Start of Block
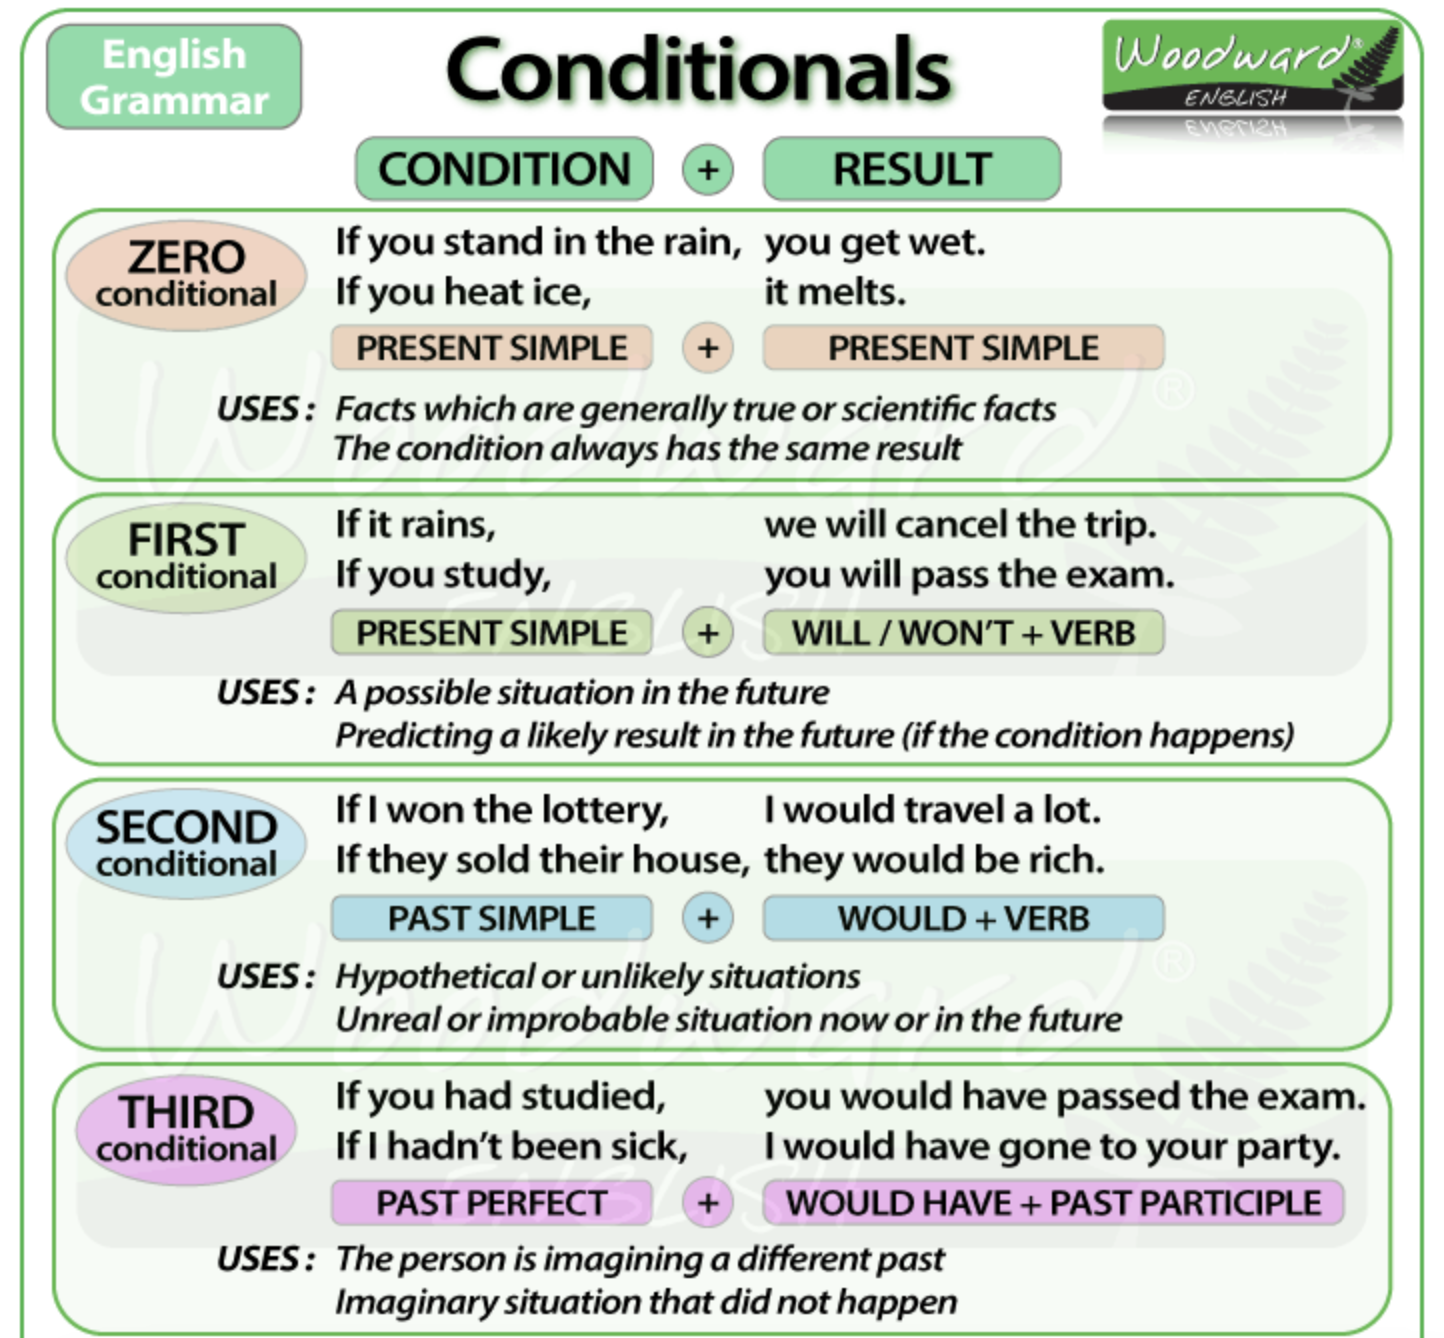 Skysmart английский язык 6 класс. Английский 0 1 2 3 conditional. Conditionals в английском 0 1 2. Conditionals в английском 2 3. 0-3 Conditional в английском языке.
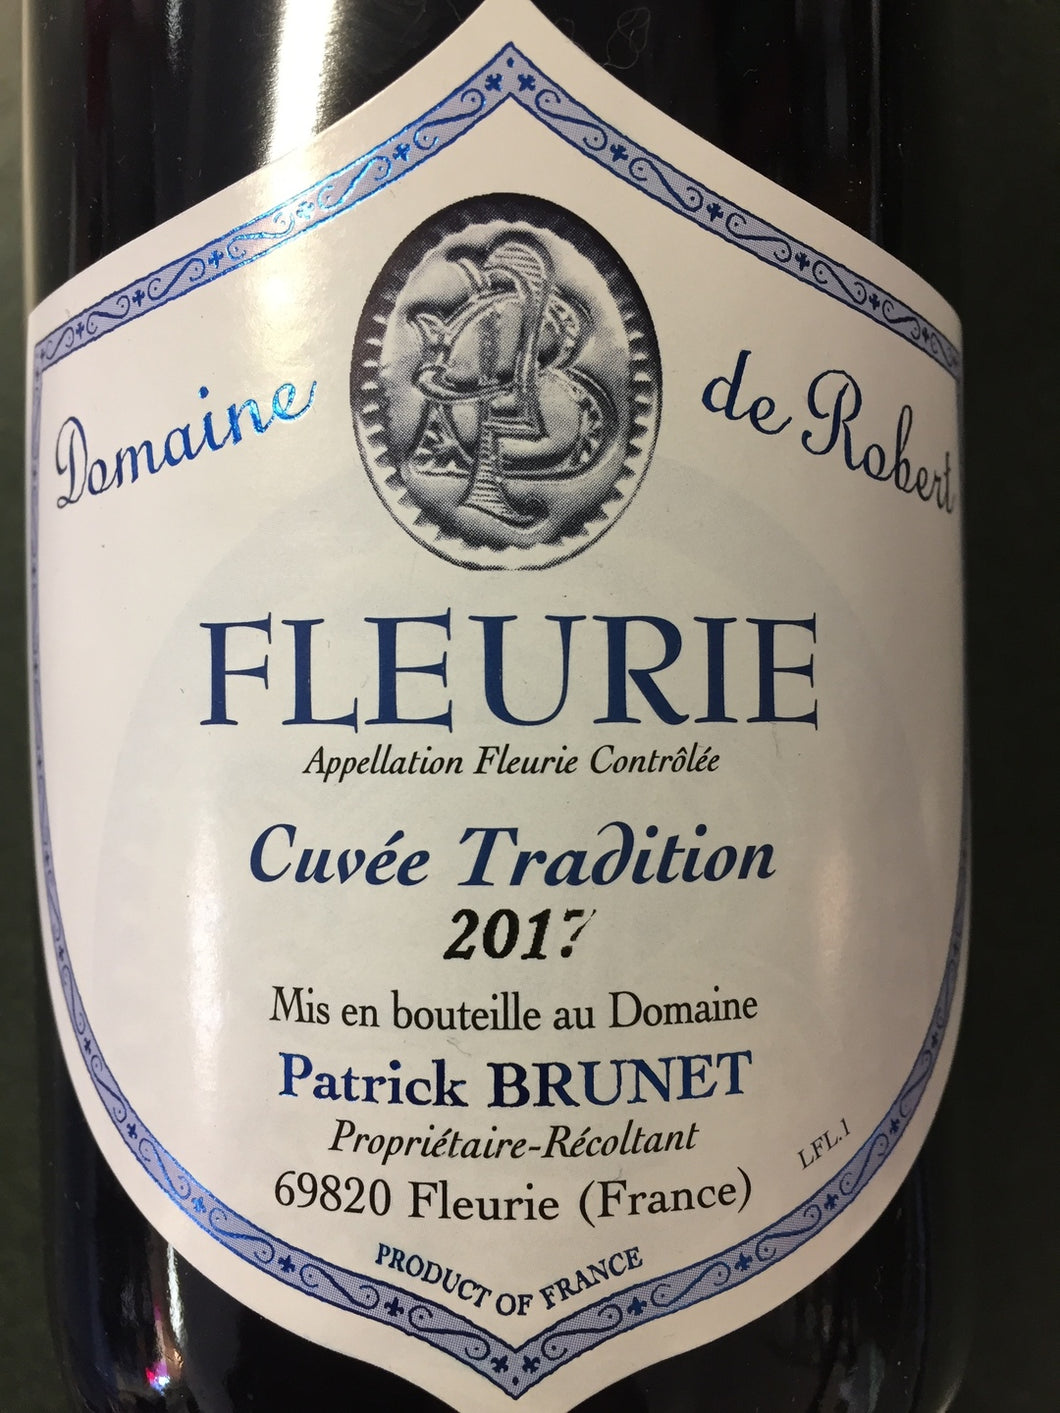 Fleurie “Cuvée Tradition”, Domaine de Robert 2022
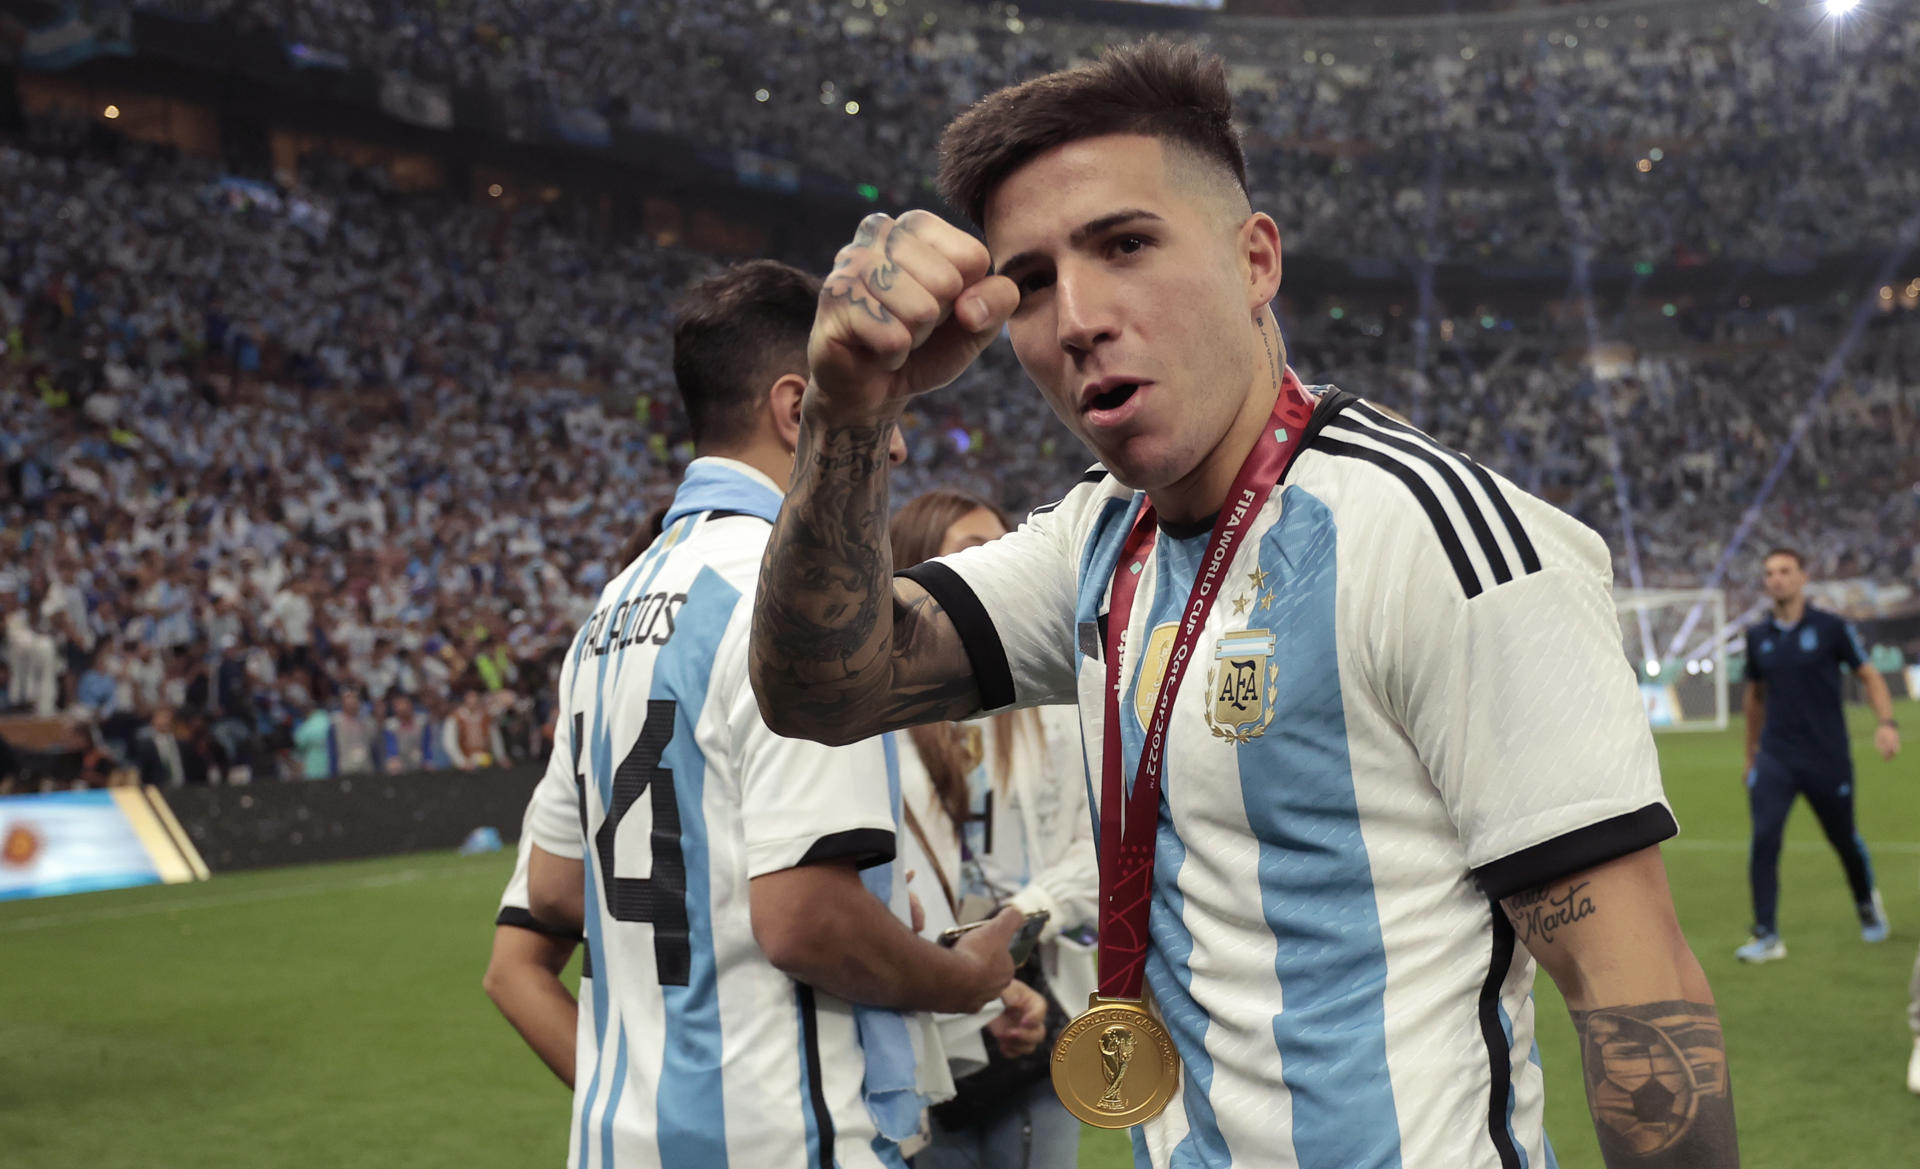 Enzo Fernández de Argentina reacciona tras ser campeones del mundo en la final del Mundial de Fútbol Qatar 2022 entre Argentina y Francia. EFE/ Juan Ignacio Roncoroni
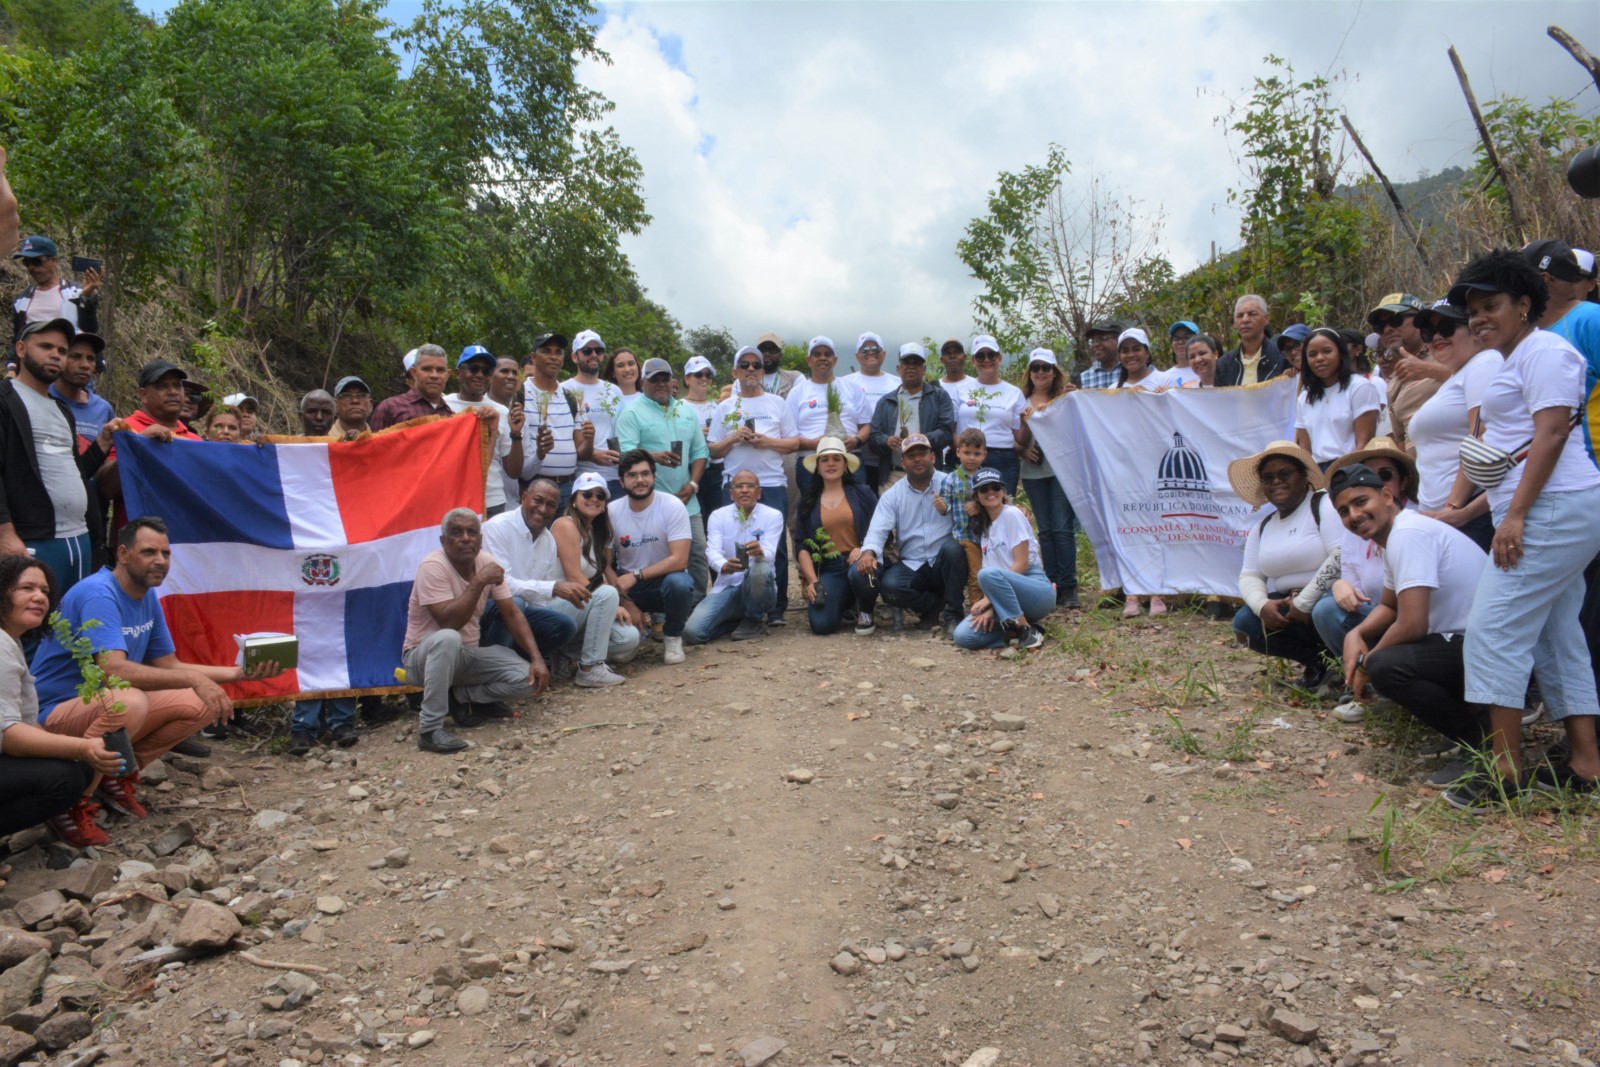 Colaboradores y colaboradoras del Ministerio de Economía reforestaron en la comunidad de Peralta, en el marco de la primera jornada de reforestación del Voluntariado de la institución.
End of Block
Problem statement: An exact copy of the lines above, from the first through the line that holds "de Robert 2022", is what is needed; leave the pictures out.

Answer for the task:
 Skysmart английский язык 6 класс. Английский 0 1 2 3 conditional. Conditionals в английском 0 1 2. Conditionals в английском 2 3. 0-3 Conditional в английском языке.
 Fleurie “Cuvée Tradition”, Domaine de Robert 2022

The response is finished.